I was expecting the lectures to be taught by Gypsy with color commentary by Crow and Tom Servo.

The next major revolution will be quantum.....

[Desmoden]

For me, a major fundamental revolution is one that goes beyond improving on itself. A concept or group of concepts that begins and in the end permeates nearly every product and concept throughout the human world.

We are very much into the run of the "Information" or "Computer" or "Digital" revolution in how people are now in mass looking at every single mundane product or process and seeing how this "new" way of looking at things can change/improve/simplify. Evidenced by the Refrigerator with Ethernet port,

Re:The next major revolution will be quantum.....

[JoshuaZ]

I don't know if you are serious or joking here, but you could definitely stand to take this course. You seem to be under a lot of misconceptions about what quantum computing can do.

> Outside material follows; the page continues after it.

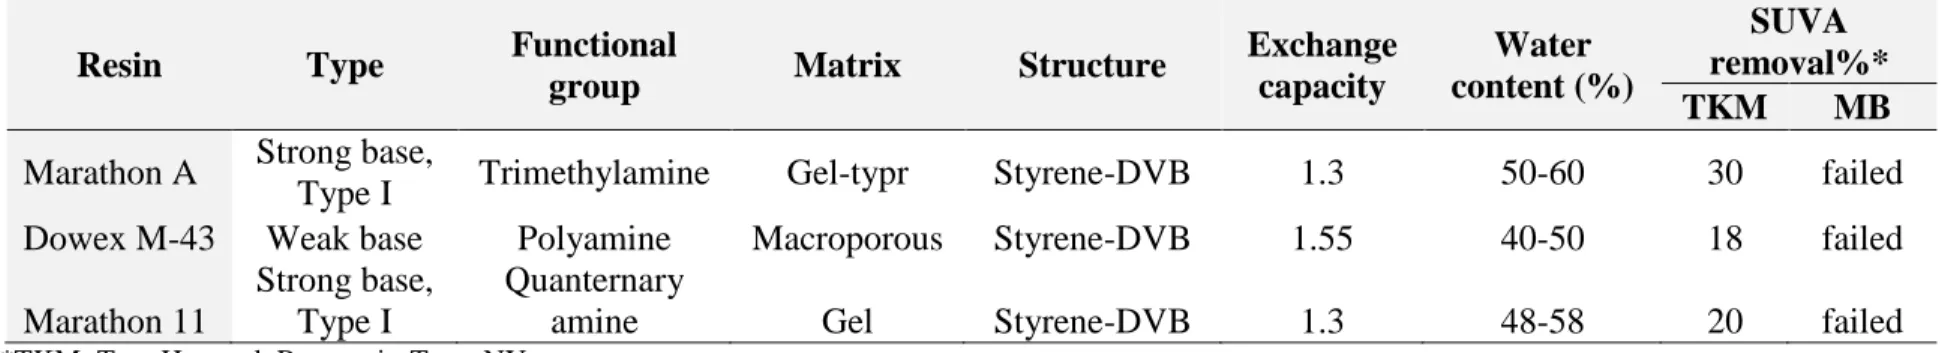 Table 2.7: Anion exchange resins studied by Tan et al. (2005) and Tan, and Kilduff (2007)  
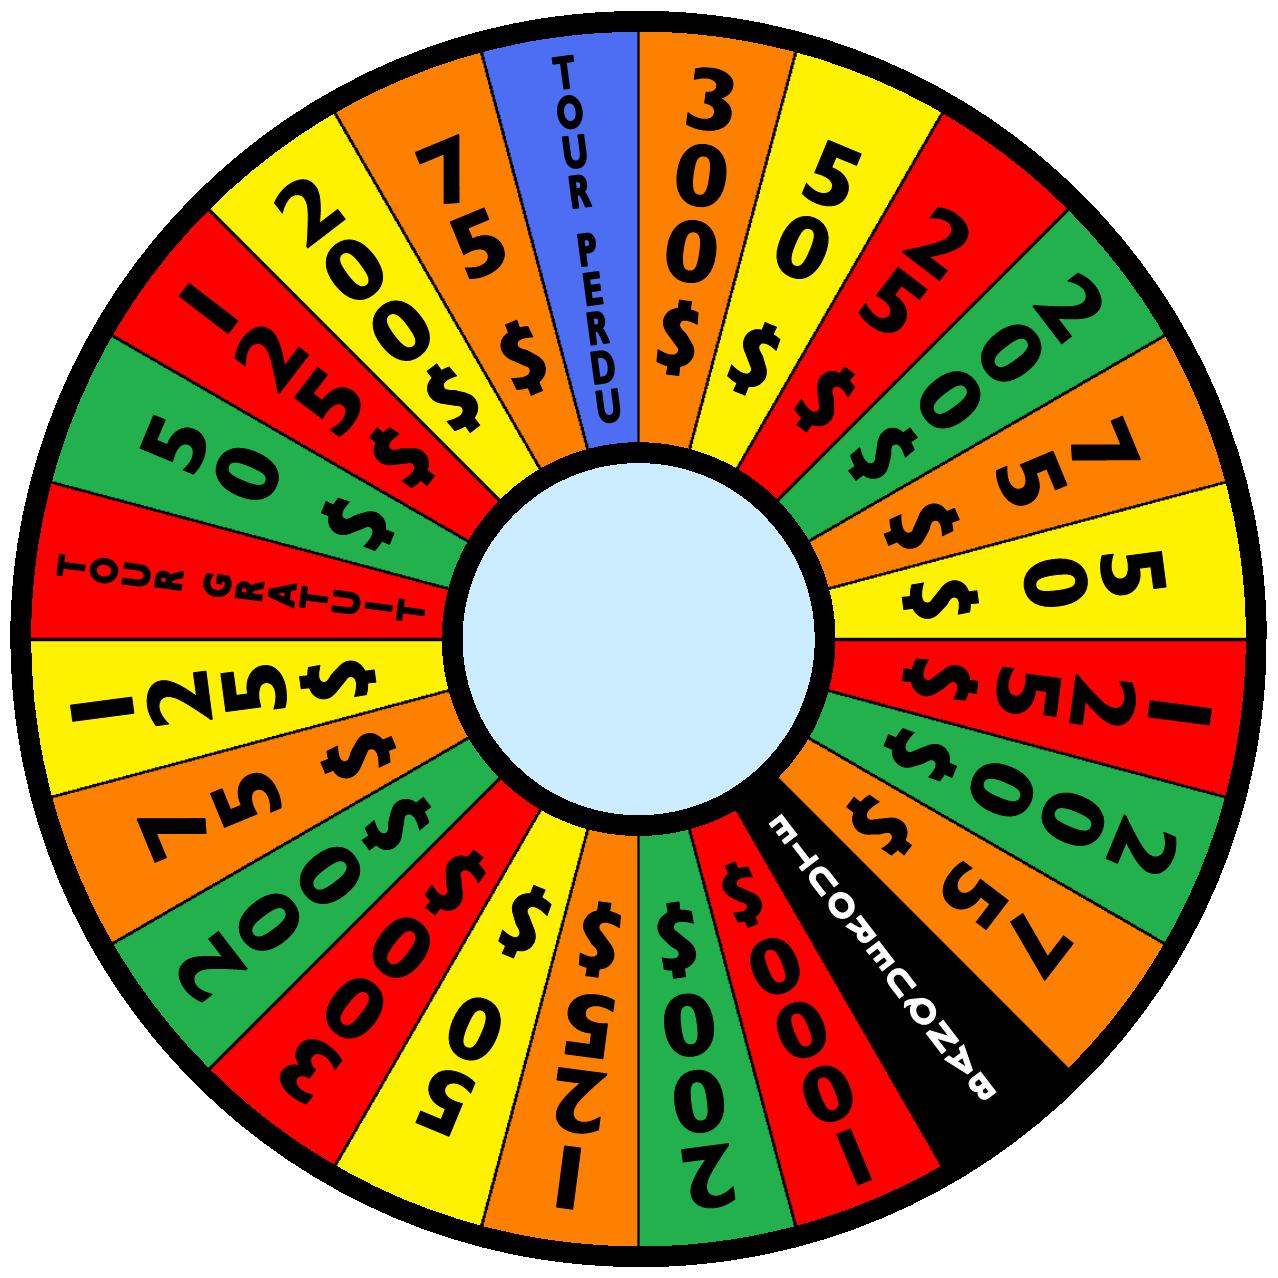 La Roue Chanceuse Game by germanname

Quantum, or more specifically quantum mechanics will be the next Major human revolution.

Quantum mechanics is used all the time by lots of devices you use. Small transistors work because of quantum mechanics. Lasers work off of lots of quantum mechanics. LEDs work off of quantum mechanics. Etc. Etc. There's nothing new about using quantum mechanics.

and Quantum Transceivers to that all those Optical SFPs in your switches and routers won't need cables anymore

This and almost every other application you mention is complete nonsense. Quantum mechanics does not allow you to transmit information in special ways. Entanglement doesn't let you get away with that. (This is as far as we are aware, ignoring for now certain very interesting results from CERN that are likely to be incorrect and are still being checked over. Even if this is correct, it is unlikely to allow actual FTL or the like but rather be other interesting new physics. And calling that simply quantum mechanics would be misleading.)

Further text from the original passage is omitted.